* **Task prompt**
Would you reproduce the whole listing exactly, minus its images?

* **Data section**
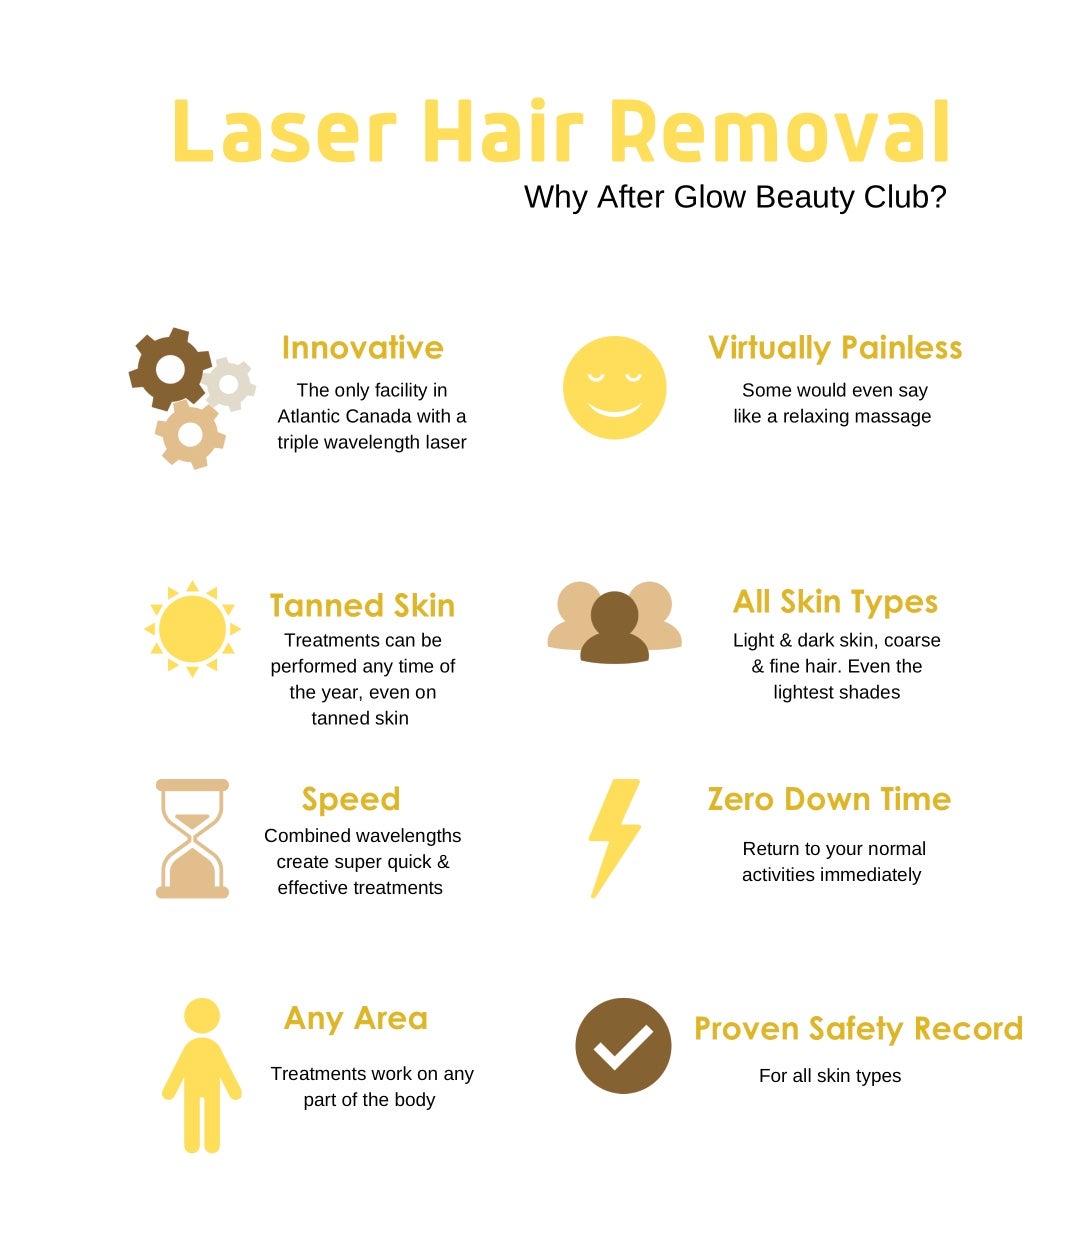 Laser Facial Hair Removal - Photos, Benefits, & FAQs
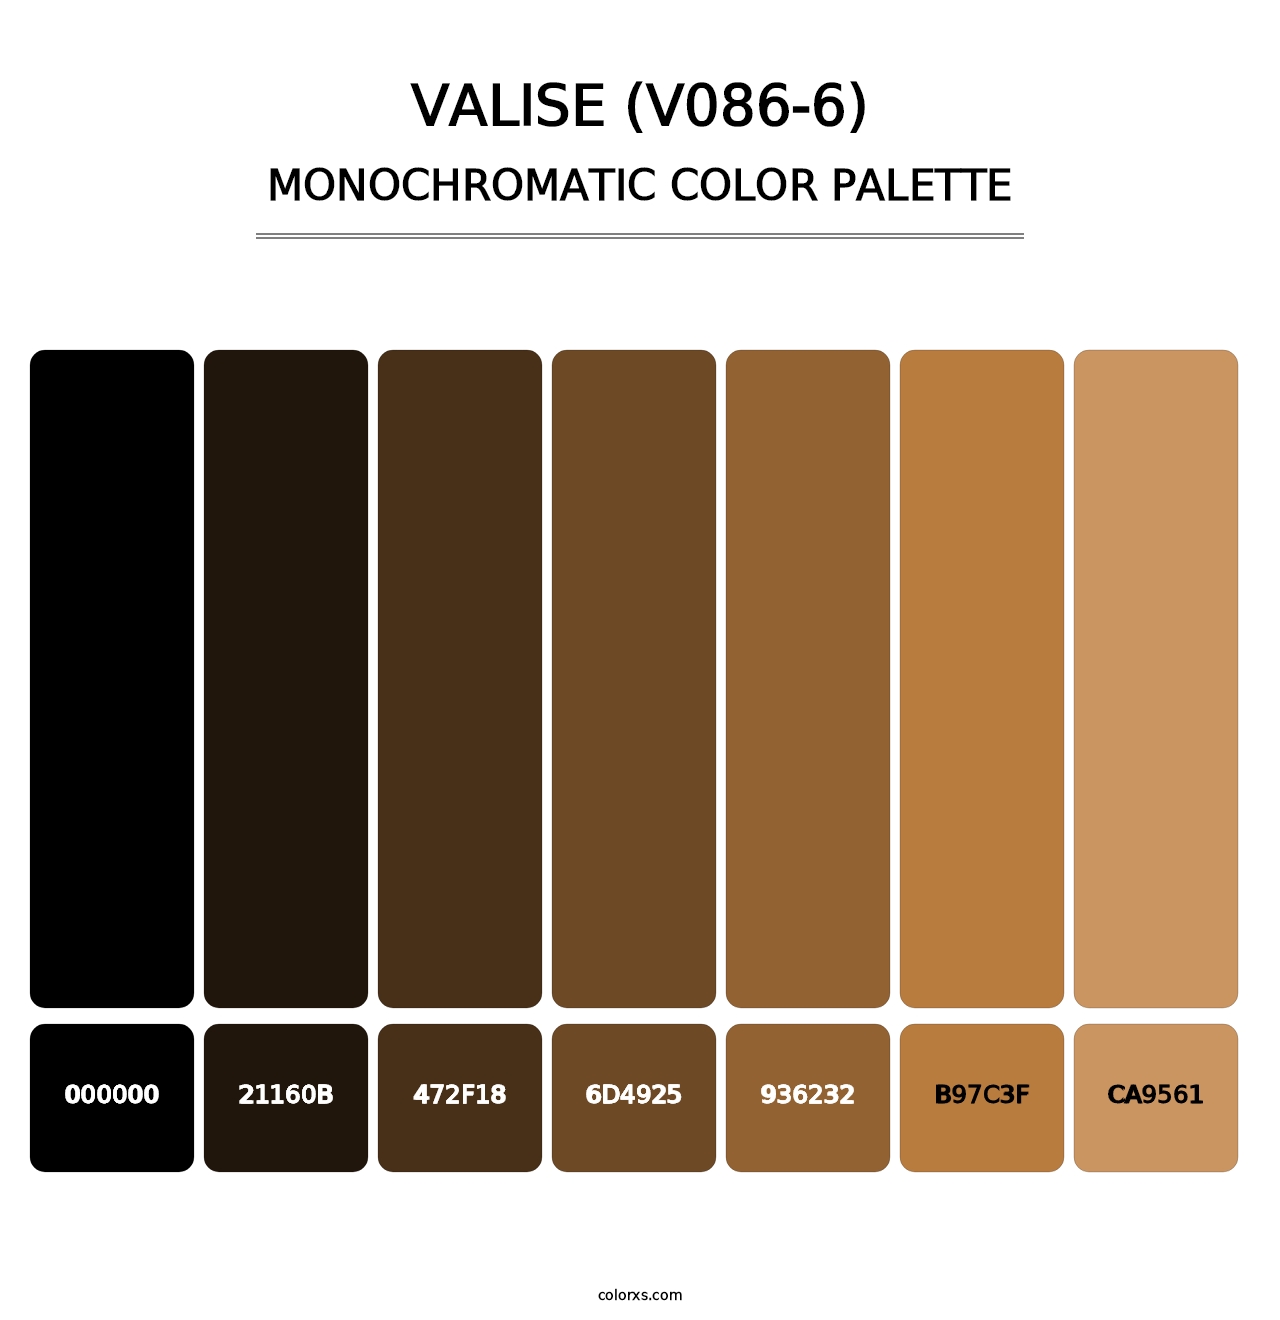 Valise (V086-6) - Monochromatic Color Palette
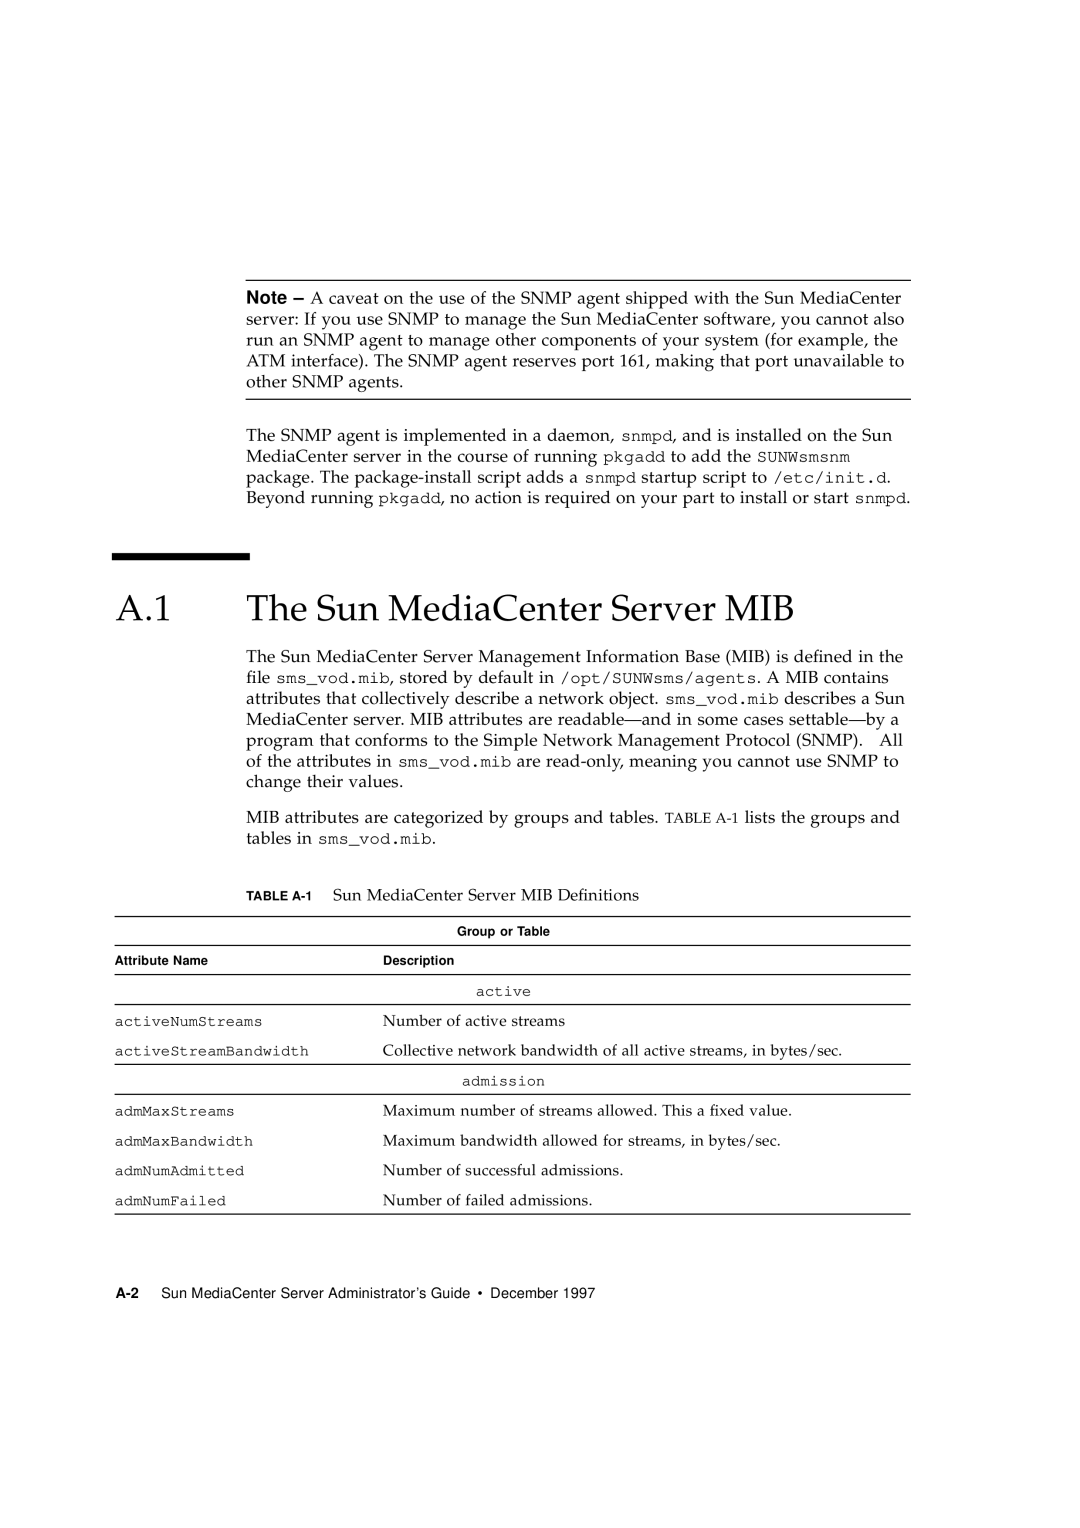 Sun Microsystems 2.1 manual A.1 The Sun MediaCenter Server MIB, TABLE A-1 Sun MediaCenter Server MIB Deﬁnitions 
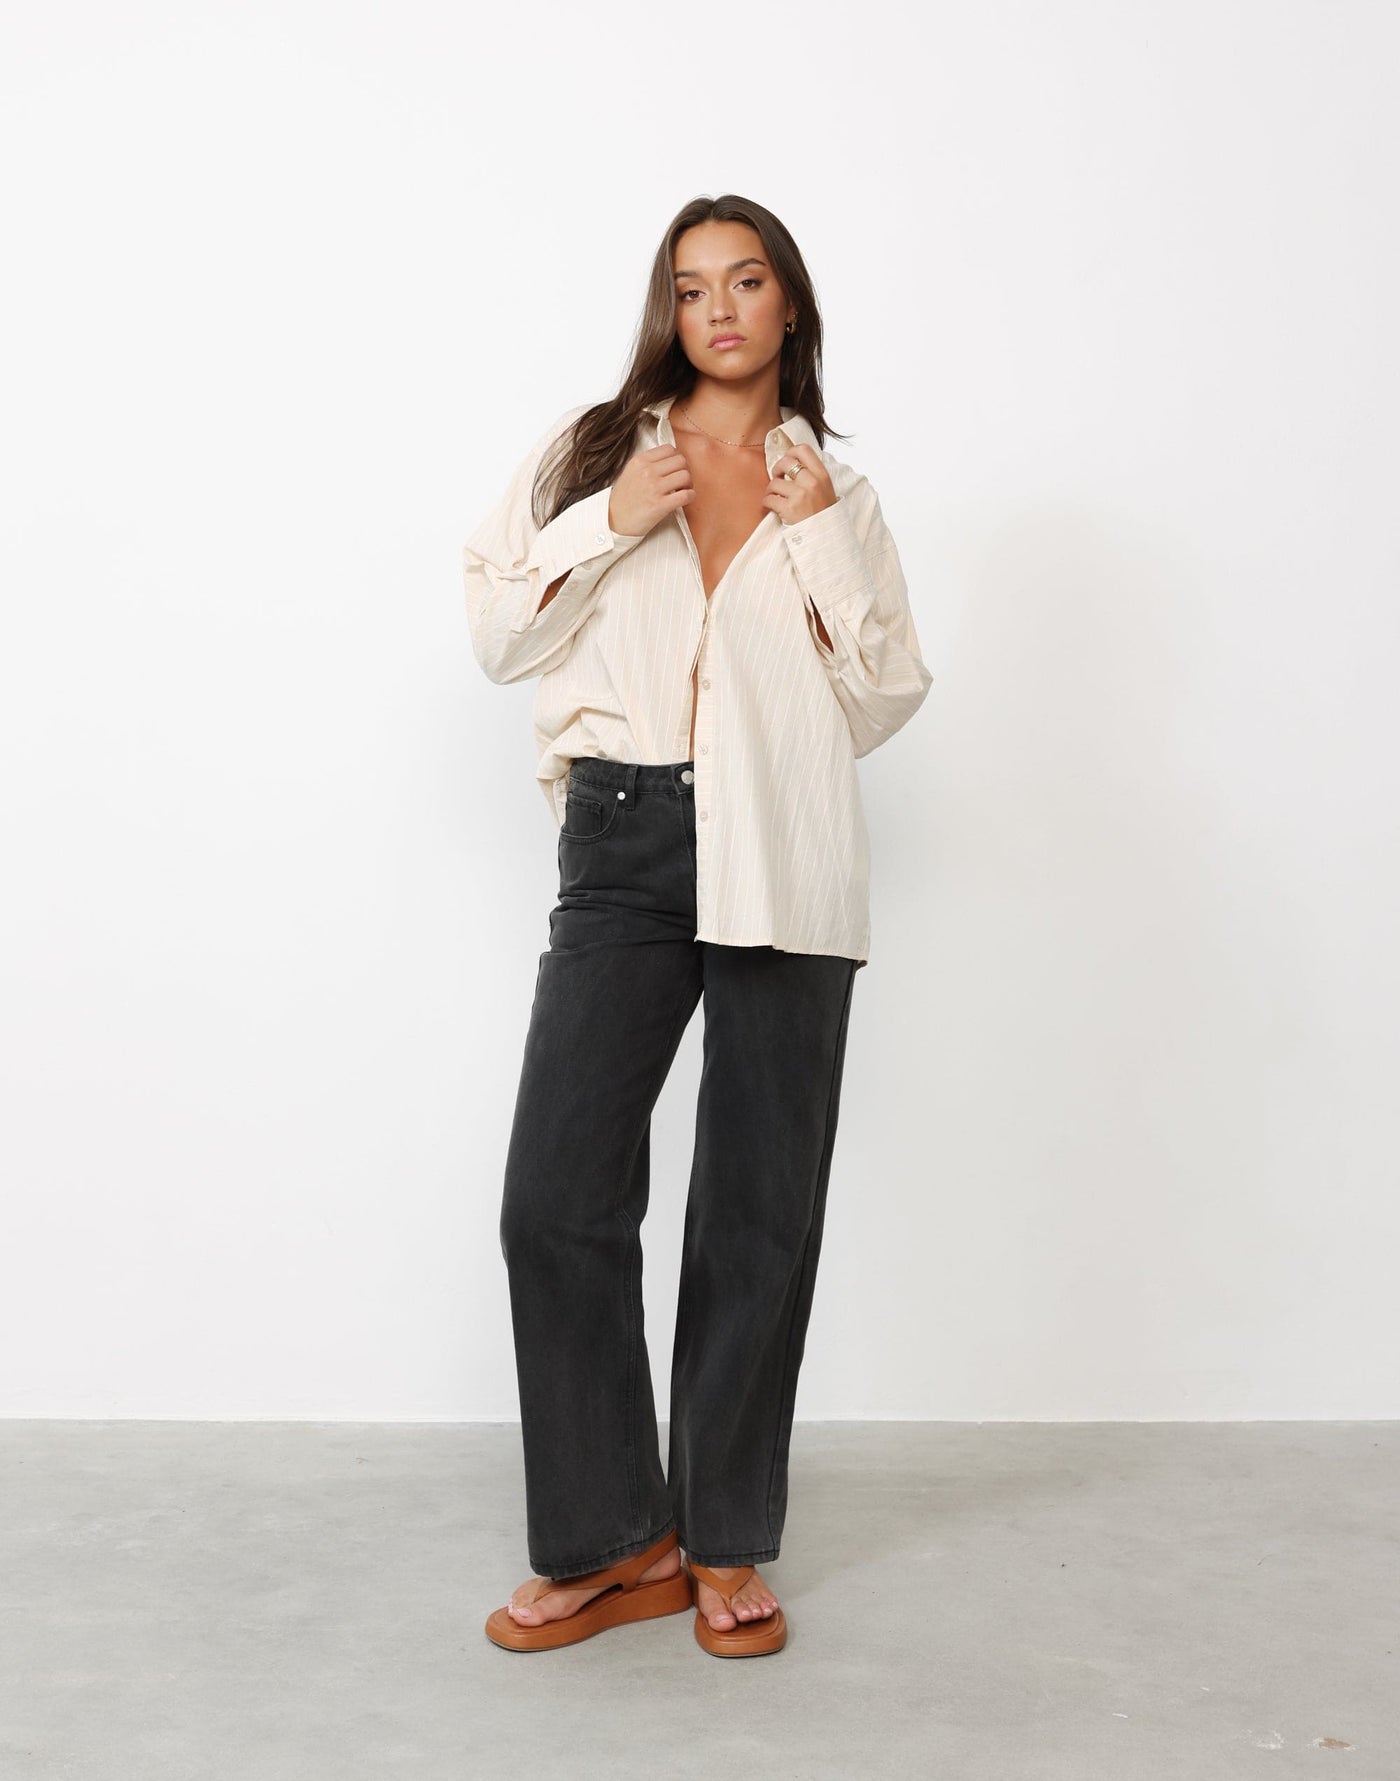 Blanchet Shirt (Almond Pinstripe) - Relaxed Fit Pinstripe Long Sleeve Dress Shirt - Women's Top - Charcoal Clothing

* **Written response**
 Laser Facial Hair Removal - Photos, Benefits, & FAQs
 Valise (V086-6) - Monochromatic Color Palette
 Sun Microsystems 2.1 manual A.1 The Sun MediaCenter Server MIB, TABLE A-1 Sun MediaCenter Server MIB Deﬁnitions 
 Blanchet Shirt (Almond Pinstripe) - Relaxed Fit Pinstripe Long Sleeve Dress Shirt - Women's Top - Charcoal Clothing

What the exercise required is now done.